OVD Web Access Configuration

For security reasons, the ESG isn't configured to allow communication to the OVD Web Access (OWA) by default. The configuration can be changed to allow access. This will allow you to then provide a single secure (SSL) connection point for all clients (EDC, EMC, OWA).

Note

The OWA itself may be configured to provide secure access to users outside the LAN. This requires the use of a third party network component, such as a Reverse Proxy and/or a Firewall (NAT redirection).

In such cases, the ESG is not mandatory to provide a WAN access, but this is only for the OWA! An ESG is required for WAN access from EDC / EMC.

To enable the OWA access in the ESG:

  • Edit the configuration file /etc/ovd/slaveserver/slaveserver.conf and locate the line:

    # web_client = http[s]://ip[:port]/
  • Uncomment the variable and set the value to the URL of your OWA. For example:

    web_client = http://webaccess.test.demo/
  • Save the file and restart the slaveserver service.

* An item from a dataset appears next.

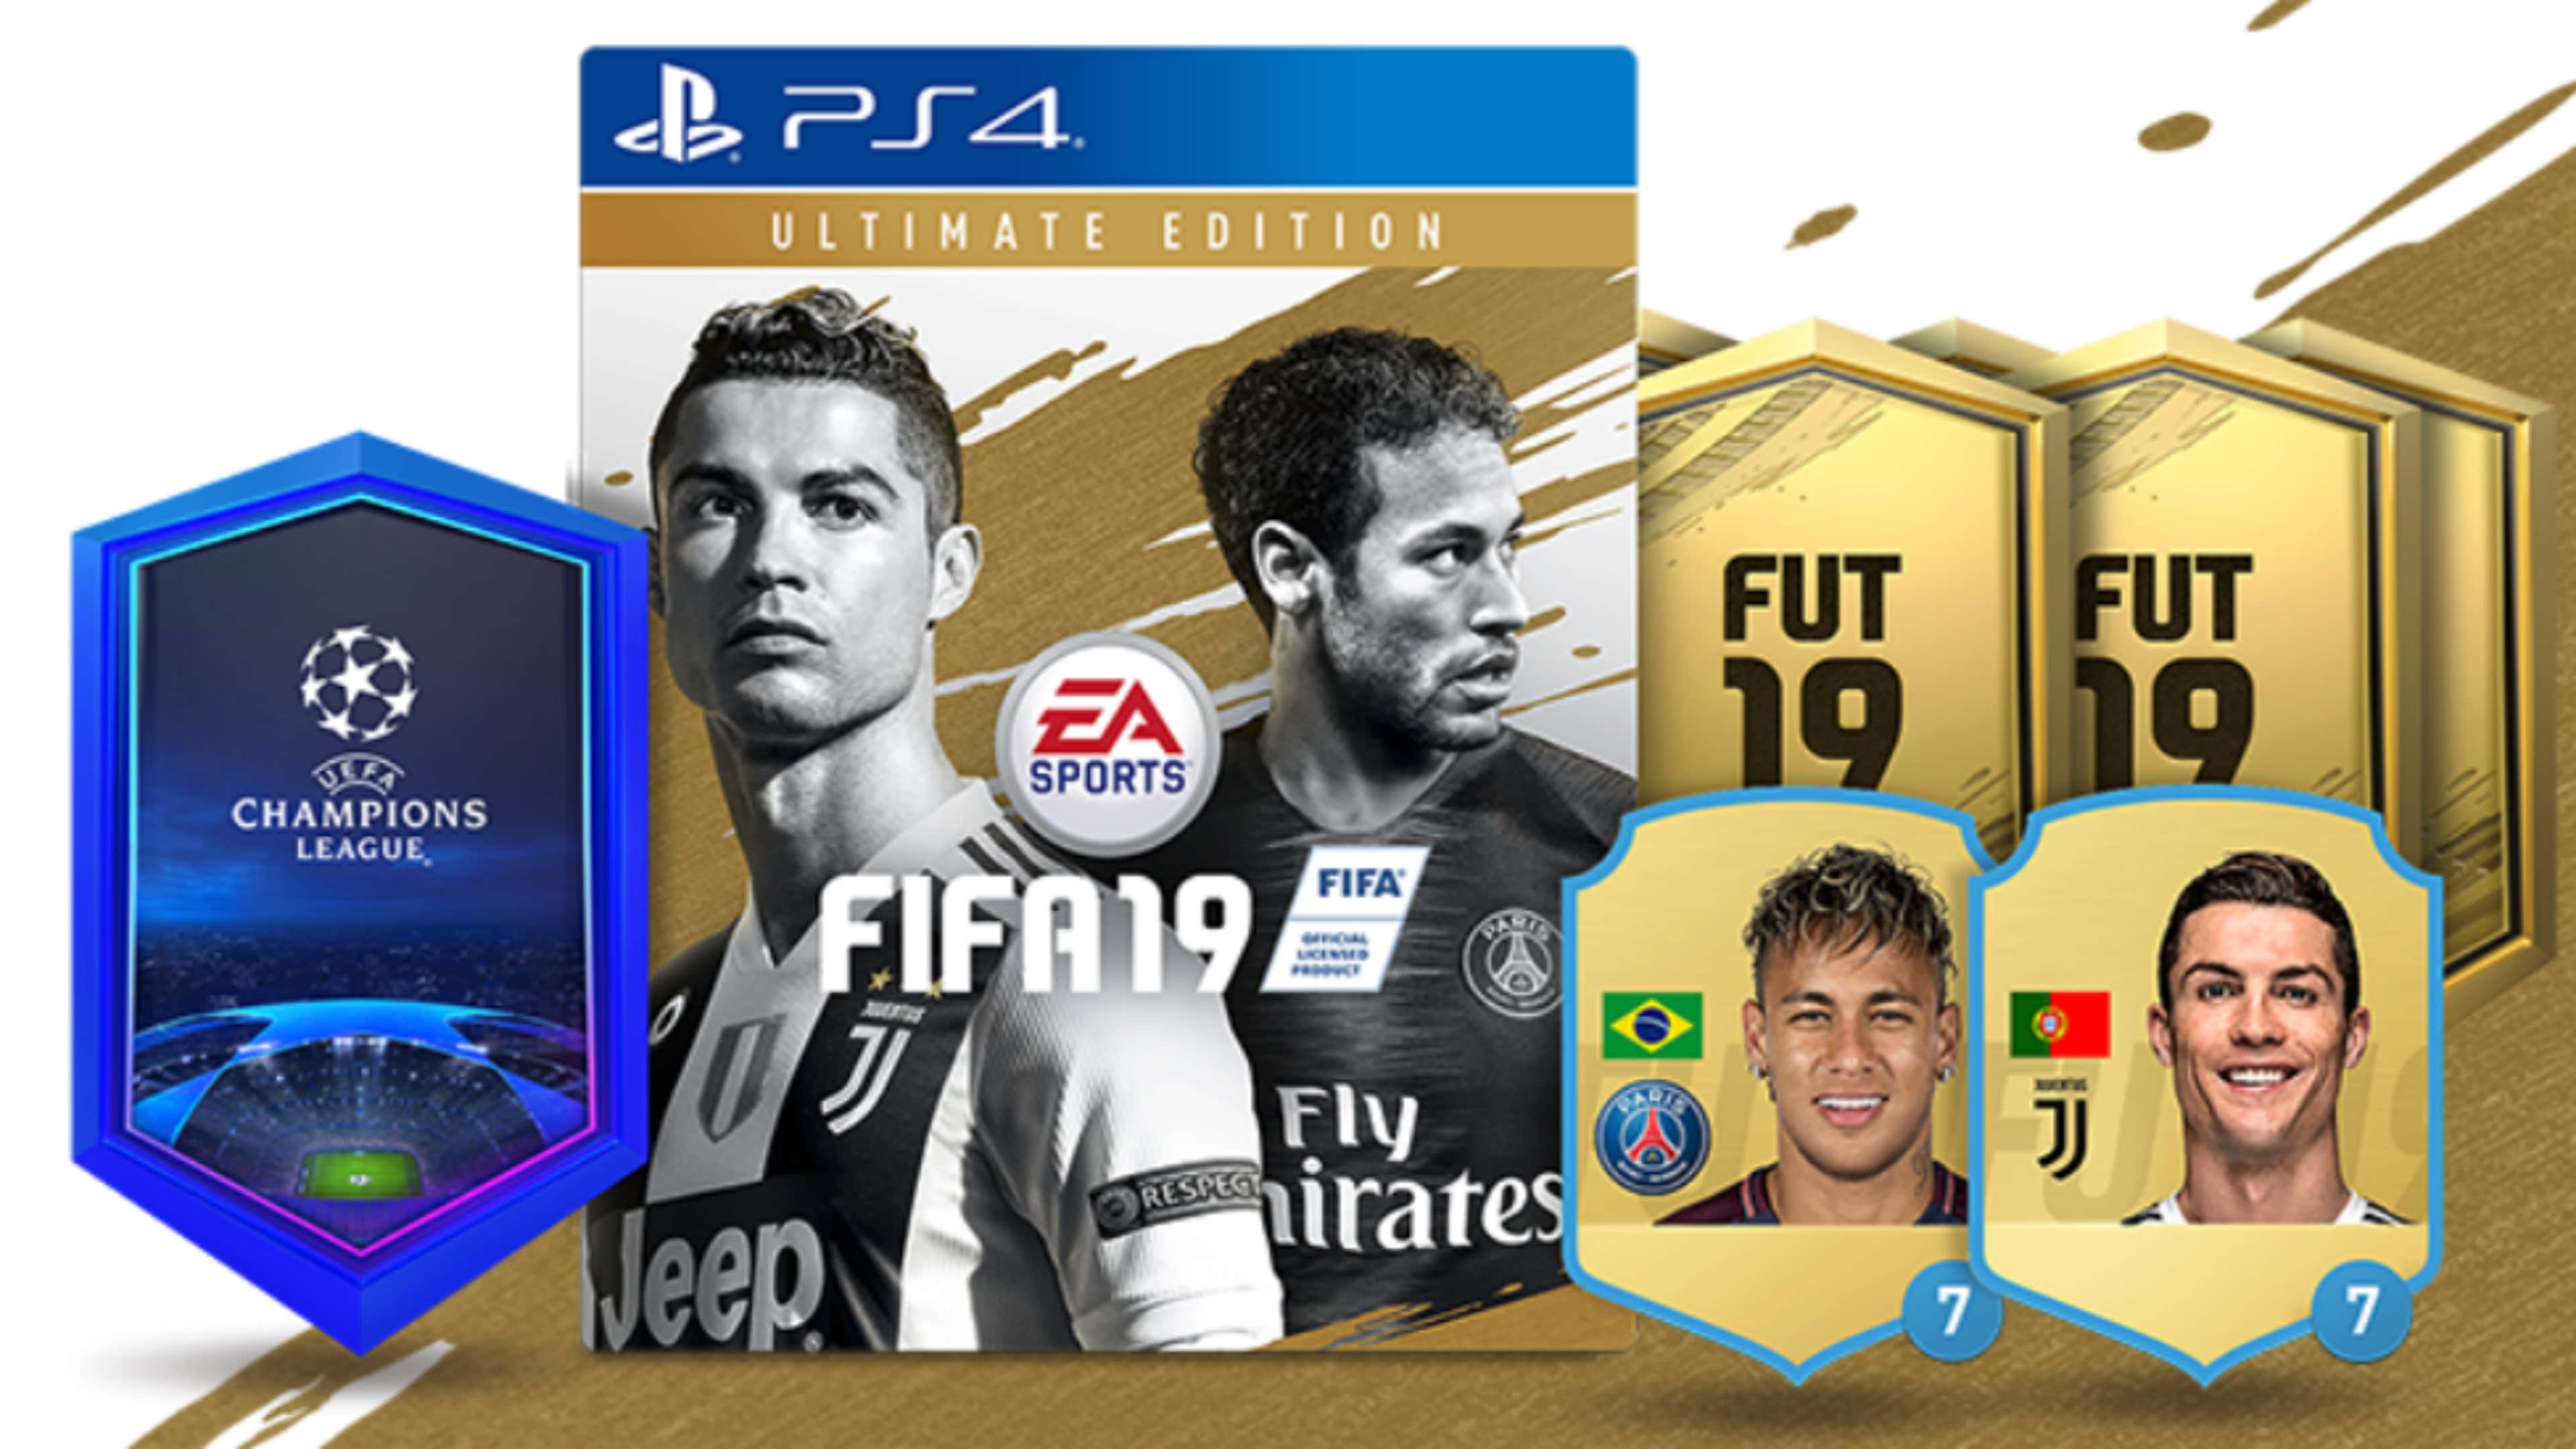 FIFA 23 release date, early access, price, soundtrack, ratings and

    # /etc/init.d/ovd-slaveserver restart

Advances Configuration Settings

The ESG configuration is stored in the file /etc/ovd/slaveserver/slaveserver.conf. The configuration may be adjusted by editing the file and changing the contents of the Gateway section as described below:

  • address: 0.0.0.0 (default). Defines the IP address of network interface on which the ESG should bind. By default, the ESG binds on all the network interfaces
  • port: 443 (default). Defines the port to use.
  • max_process: 10 (default). Defines the maximum number of processes to run on the ESG server.
  • max_connection: 100 (default). Defines the maximum number of connections that can be opened on the ESG server.
  • process_timeout: 60 (default). Defines the timeout in seconds per process
  • connection_timeout: 10 (default). Defines the timeout in seconds per connection
  • admin_redirection: true or false (default). Use this setting to allow access to the OVD Administration Console through the ESG
  • root_redirection: Use this setting to define the root path for the Gateway. For example, enter the value /ovd to automatically redirect a connection request for https://gw.demo to https://gw.demo/ovd
  • http_keep_alive: true (default) or false. Enable or disable session keep alive.
  • disable_sslv2: true or false (default). Enable or disable SSLv2 support.